Human Verification (required)

What you personally verified (not just CI), and how:

Verified scenarios: HEIC base64 normalization, HEIC URL normalization, spoofed base64 image rejection, spoofed URL image rejection, OpenAI chat completions gateway path, OpenResponses parity validation.
Edge cases checked: non-HEIC images keep declared MIME after validation; HEIC image budget tests remain green.
What you did not verify: install smoke locally in Docker.

Compatibility / Migration

Backward compatible? (Yes/No) Yes
Config/env changes? (Yes/No) No
Migration needed? (Yes/No) No
If yes, exact upgrade steps:

Failure Recovery (if this breaks)

How to disable/revert this change quickly: revert this PR.
Files/config to restore: src/media/input-files.ts, src/media/input-files.fetch-guard.test.ts, CHANGELOG.md
Known bad symptoms reviewers should watch for: valid image inputs getting rejected due to incorrect MIME detection.

Risks and Mitigations

Risk: MIME sniffing could reintroduce non-HEIC behavior drift.
- Mitigation: tests assert non-HEIC images keep their declared MIME after validation while concrete non-image detections are rejected.

AI Assistance

AI-assisted: yes
Testing: fully tested on the focused Gateway/media suites listed below

Verification:

pnpm vitest run src/media/input-files.fetch-guard.test.ts src/gateway/openai-http.test.ts src/gateway/openresponses-parity.test.ts src/gateway/openai-http.image-budget.test.ts
pnpm exec oxfmt --check src/media/input-files.ts src/media/input-files.fetch-guard.test.ts CHANGELOG.md

chatgpt-codex-connector

💡 Codex Review

Here are some automated review suggestions for this pull request.

Reviewed commit: ffeeba6938

ℹ️ About Codex in GitHub

Your team has set up Codex to review pull requests in this repo. Reviews are triggered when you

Open a pull request for review
Mark a draft as ready
Comment "@codex review".

If Codex has suggestions, it will comment; otherwise it will react with 👍.

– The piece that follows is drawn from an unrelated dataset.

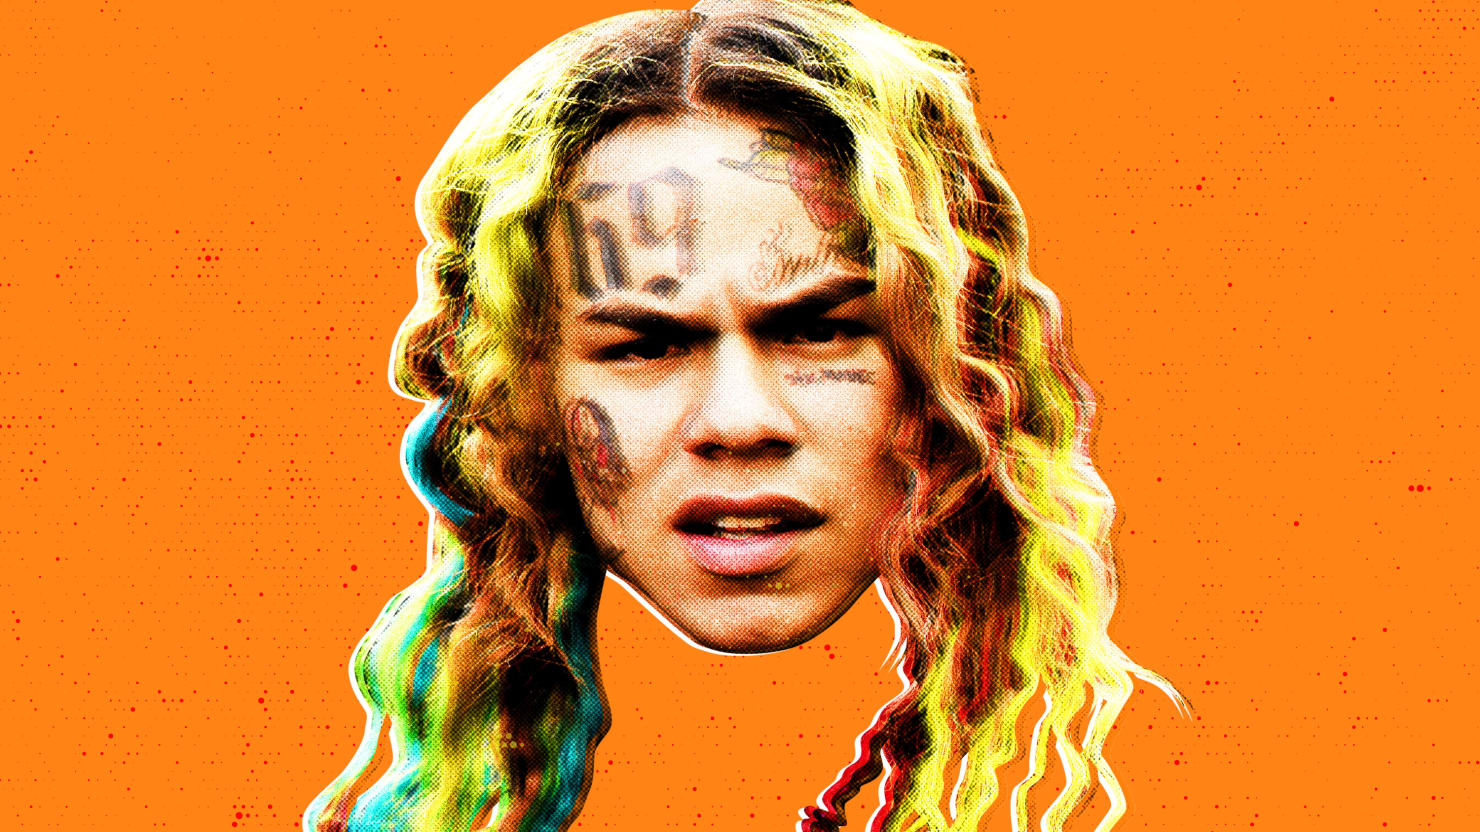 Tekashi69 Sings for the Feds Spills on His Gangster Pals, Kidnapping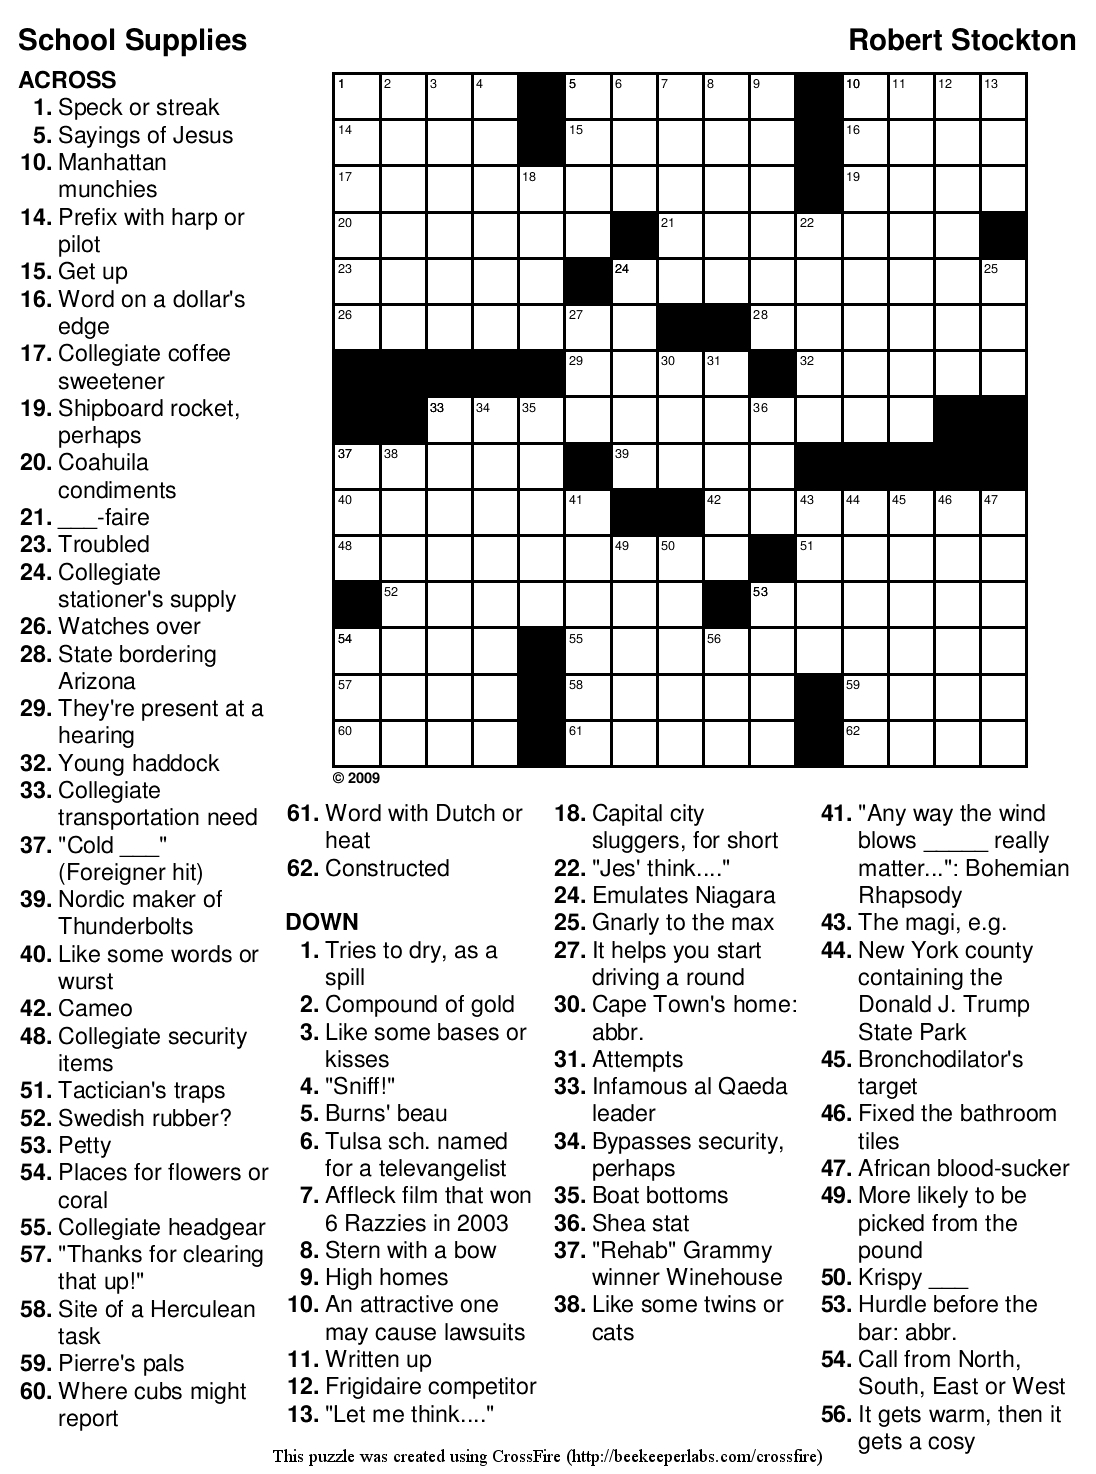 Printable Crosswords For Adults Free Printable Crossword Puzzles - Printable Crossword Puzzles For Adults Pdf

Codex can also answer questions or update the PR. Try commenting "@codex address that feedback".

chatgpt-codex-connector · 2026-03-06T19:37:49Z

+    (detectedMime && HEIC_INPUT_IMAGE_MIMES.has(detectedMime)) ||
+    (HEIC_INPUT_IMAGE_MIMES.has(declaredMime) && !detectedMime)
+      ? (detectedMime ?? declaredMime)


Honor detected non-HEIC image types before conversion

The new sourceMime selection ignores detectedMime whenever it is an image type other than HEIC/HEIF, so a payload declared as image/heic but sniffed as image/png/image/jpeg is still treated as HEIC and routed through convertHeicToJpeg. In practice (for both base64 and URL inputs with incorrect mediaType/Content-Type), this can recompress or even fail valid non-HEIC images, which regresses the prior behavior and contradicts the intent to scope HEIC normalization to actual HEIC bytes.

Useful? React with 👍 / 👎.

greptile-apps · 2026-03-06T20:03:33Z

Greptile Summary

This PR hardens normalizeInputImage in src/media/input-files.ts by unconditionally calling detectMime on all image inputs and rejecting payloads where the declared MIME is image/* but the detected bytes are a concrete non-image type. The security hardening goal is achieved by the guard on line 241, which correctly prevents non-image bytes from bypassing validation.

However, there is a logic regression in the sourceMime selection (lines 244–248). When declaredMime is "image/heic"/"image/heif" but detectedMime is a different image type (e.g., "image/jpeg"), neither ternary condition is satisfied and the code falls back to sourceMime = declaredMime. This causes convertHeicToJpeg to be called on non-HEIC image bytes, which will fail at runtime. The previous code used detectedMime ?? declaredMime for all HEIC-declared inputs, gracefully handling this case. A test case for this "declared HEIC + detected non-HEIC image" scenario is also missing.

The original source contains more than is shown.